Perhaps somewhat surprising is the number of ULSD units which have exceeded expectations in terms of cycle length. Many grassroots and revamped units were designed for 2 year cycles and actually ran 3-4 years. For the units which have changed out we’ve seen catalyst loadings which include adjustments to the relative amounts ofNiMo and CoMo catalysts, the addition of new, higher activity catalysts which weren’t available when the unit started up, and in some cases a portion of catalyst load is made up of reactivated catalysts. These reactivated catalysts are regenerated and further processed to redisperse the active metals using proprietary processes such as PHOENIX™ which was developed by ART and is now currently offered by TRICAT. In most of the latter cases reactivated catalyst makes up only part of the reactor fill with the remaining volume new catalyst.
Dave DiCamillo (Criterion Catalysts & Technologies)
Actually, some ULSD units containing Criterion catalysts are still on their first cycle, some due to use of 2nd generation ULSD catalysts in units designed on 1st generation products or operating with a significantly easier feed than assumed in the design basis. Each ULSD operation is unique, so there is not a single answer to the first part of this question (See also response for Question 22).
· SOR operating conditions are dependent on the unit design and feed quality. We have observed SOR temperatures ranging from 600 to 700°F. Obviously the more robust the unit design, the lower SOR temperature is likely to be.

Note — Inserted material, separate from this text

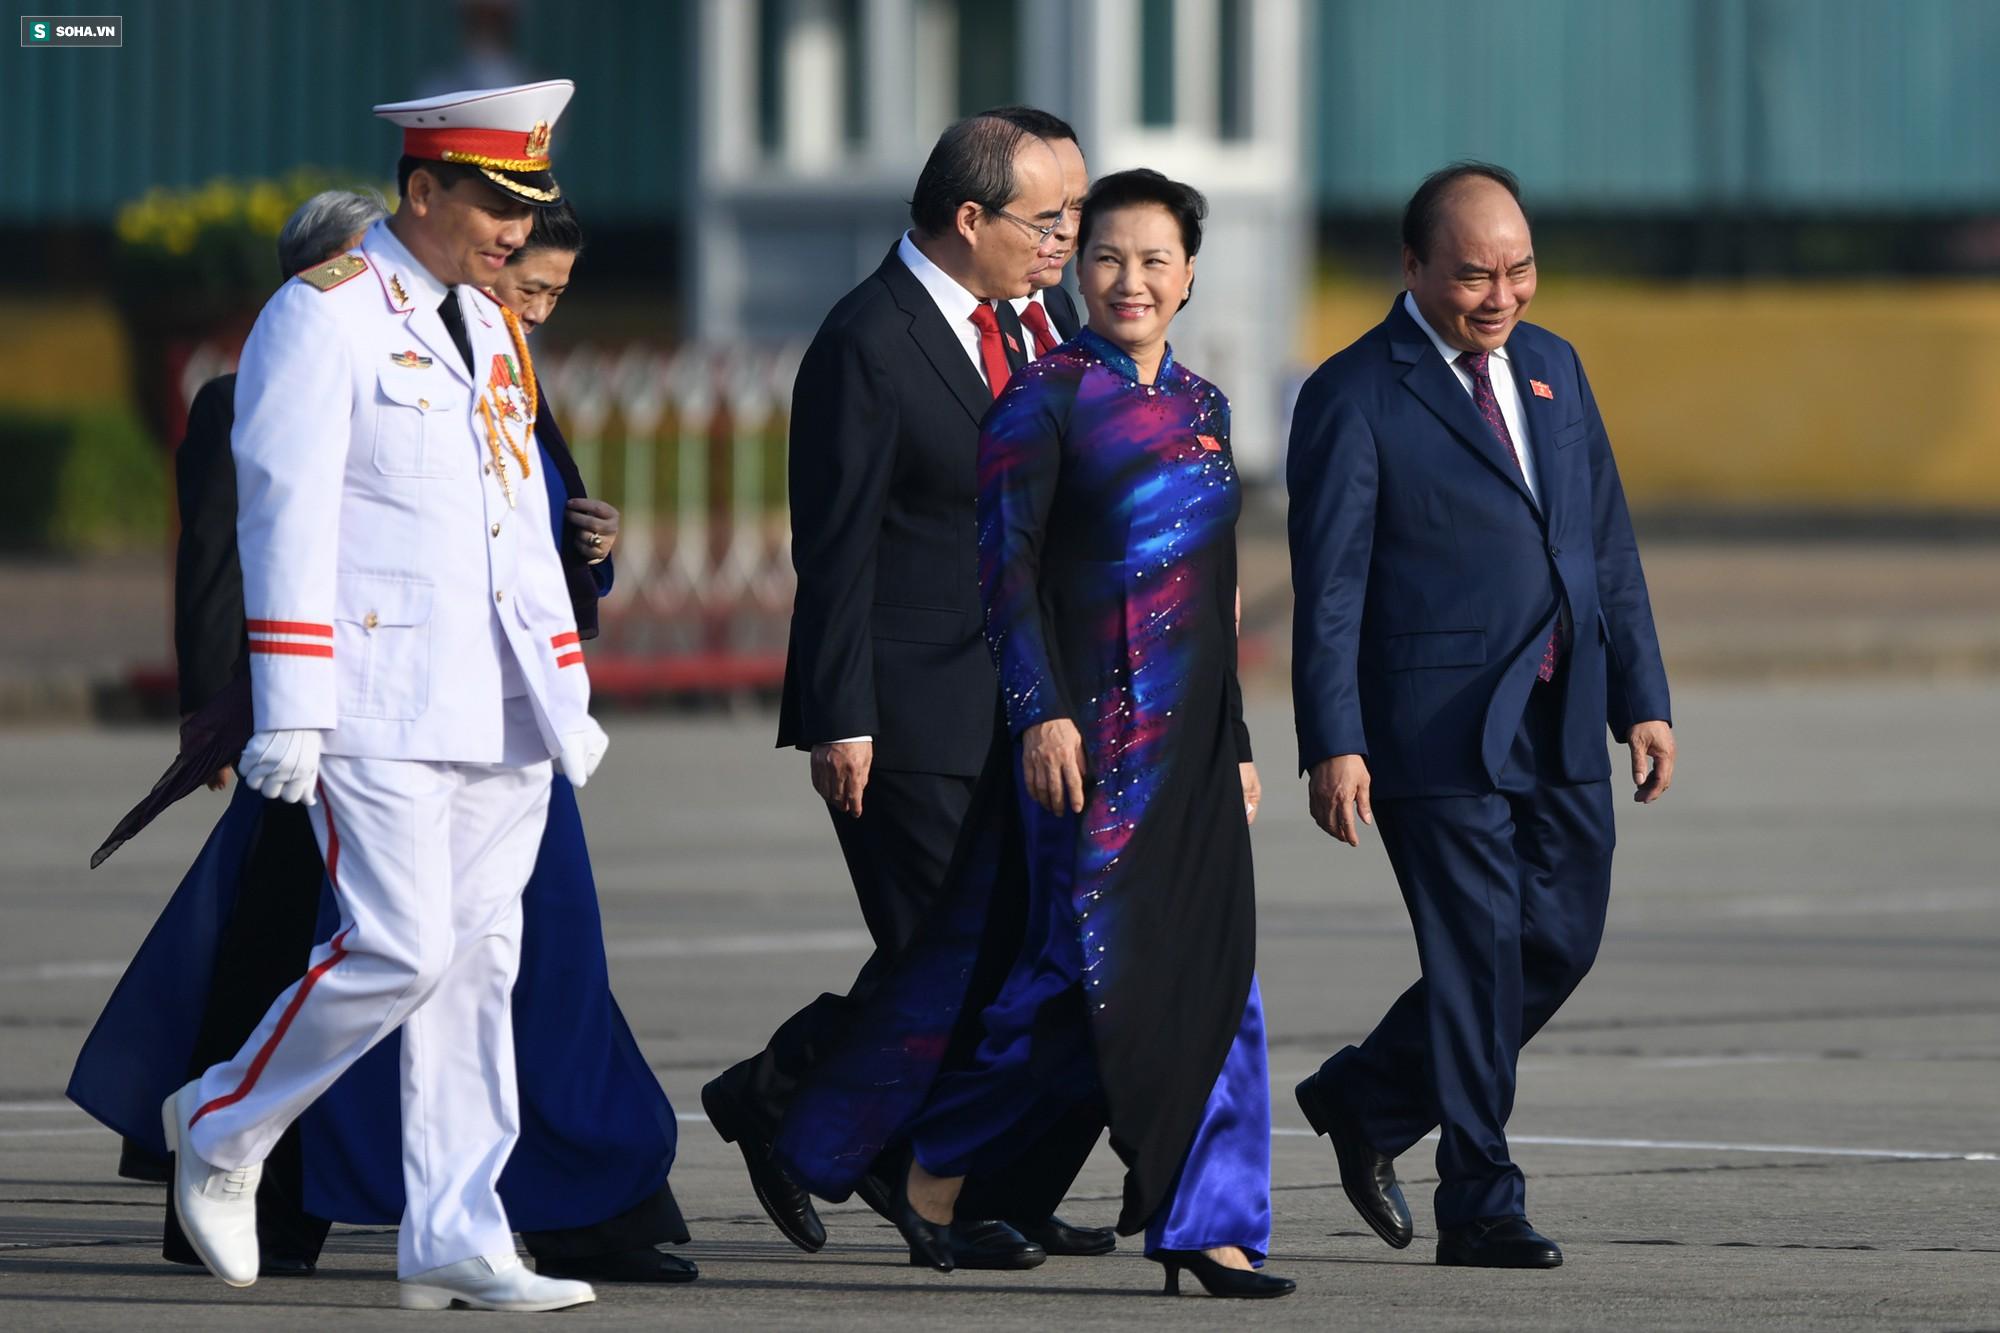 Đại biểu Quốc hội viếng Chủ tịch Hồ Chí Minh 10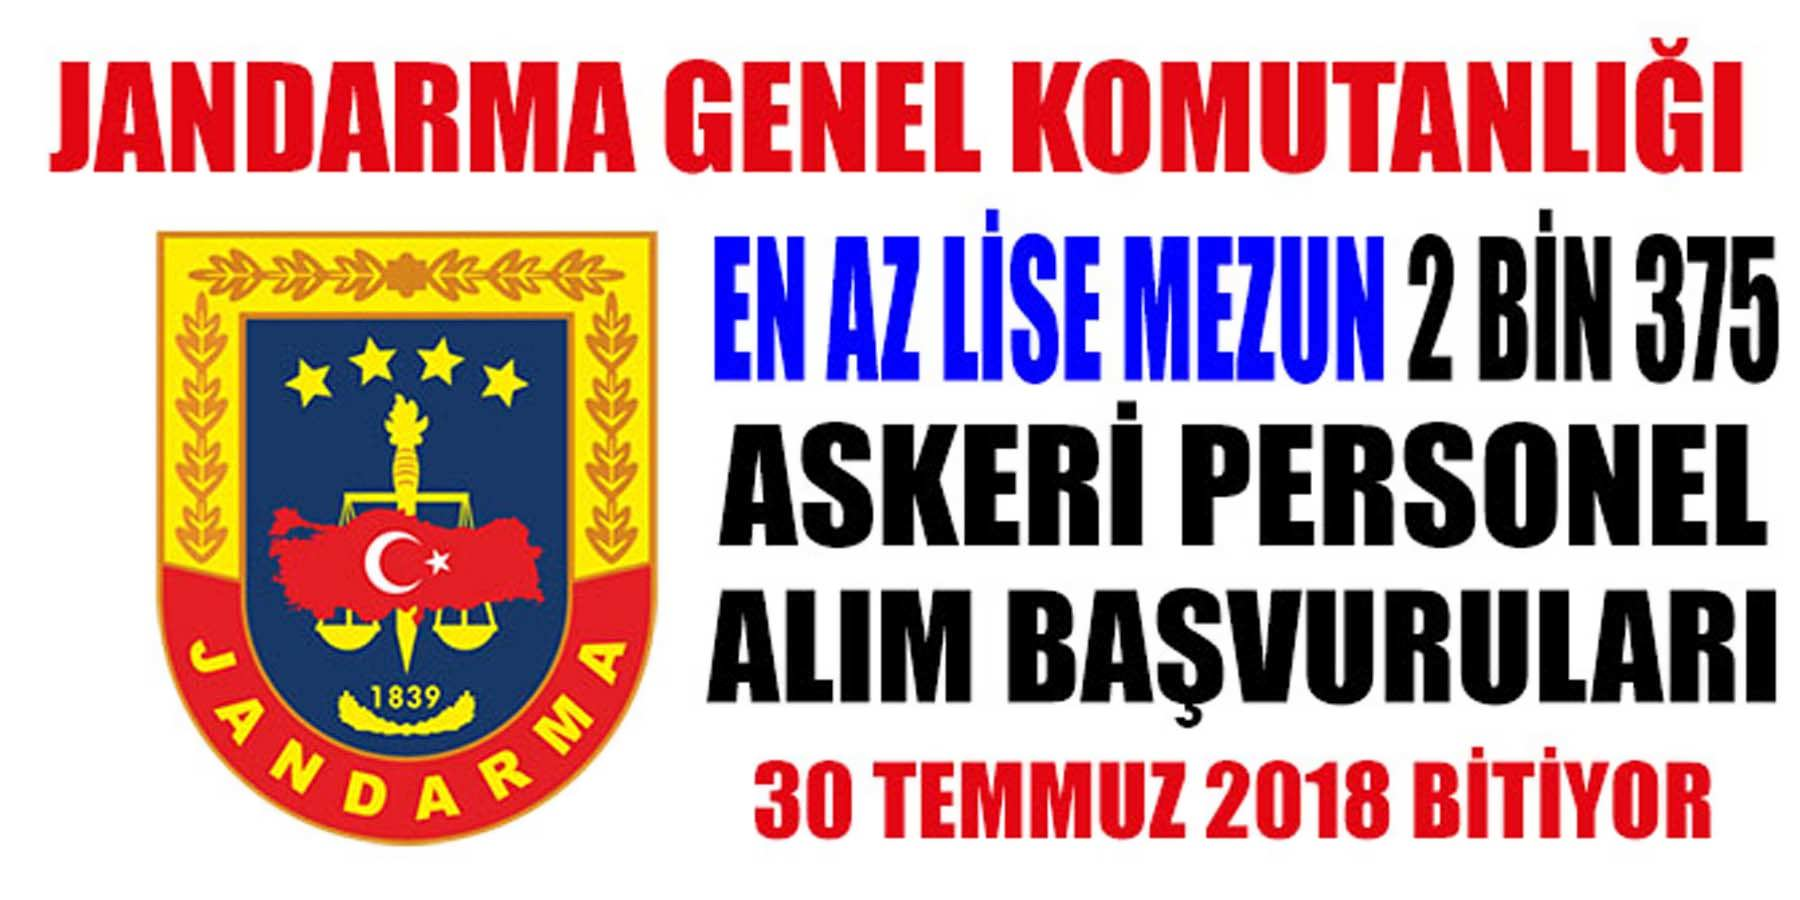 Jandarma 2 Bin 375 Askeri Personel Alım Başvuruları Bitiyor

· EOR operating conditions are dependent on refinery objectives for things like fixed or flexible turnaround/catalyst changeout date. With a flexible EOR date, the refiner can run the normal ULSD feed until the run becomes limited by reaching charge heater or catalyst activity limits. In many units, aromatic saturation thermodynamic equilibrium still limits the ability to make sulfur or color specs at EOR, however the maximum temperatures achievable are higher than originally anticipated, particularly in units processing only straight run feeds. Maximum reactor outlet temperatures remain a strong function of feedstock type, operating pressure (H2 partial pressure), catalyst type and LHSV.
There is also no single answer to the second part of this question - catalyst selection. Catalyst selection can depend on many factors such as:
· Unit design
· Feed quality
· Product quality requirements
· Hydrogen consumption and availability
· Cycle length targets
· Cost
· Refinery philosophy on catalyst type, e.g., fresh only, internal reuse, resale catalyst, etc.
Discussion of next cycle expectations with your catalyst supplier will help to formulate objectives, especially if they differ from the current operation. The best approach is to be clear on processing objectives (minimum requirements and desired targets) and prioritize them in the catalyst RFQ (request for quotation) so that vendors can provide some options to consider. A catalyst supplier will typically have a portfolio of products that can be customized for different operating modes such as maximum cycle length, maximum feed rate, minimum hydrogen consumption, etc.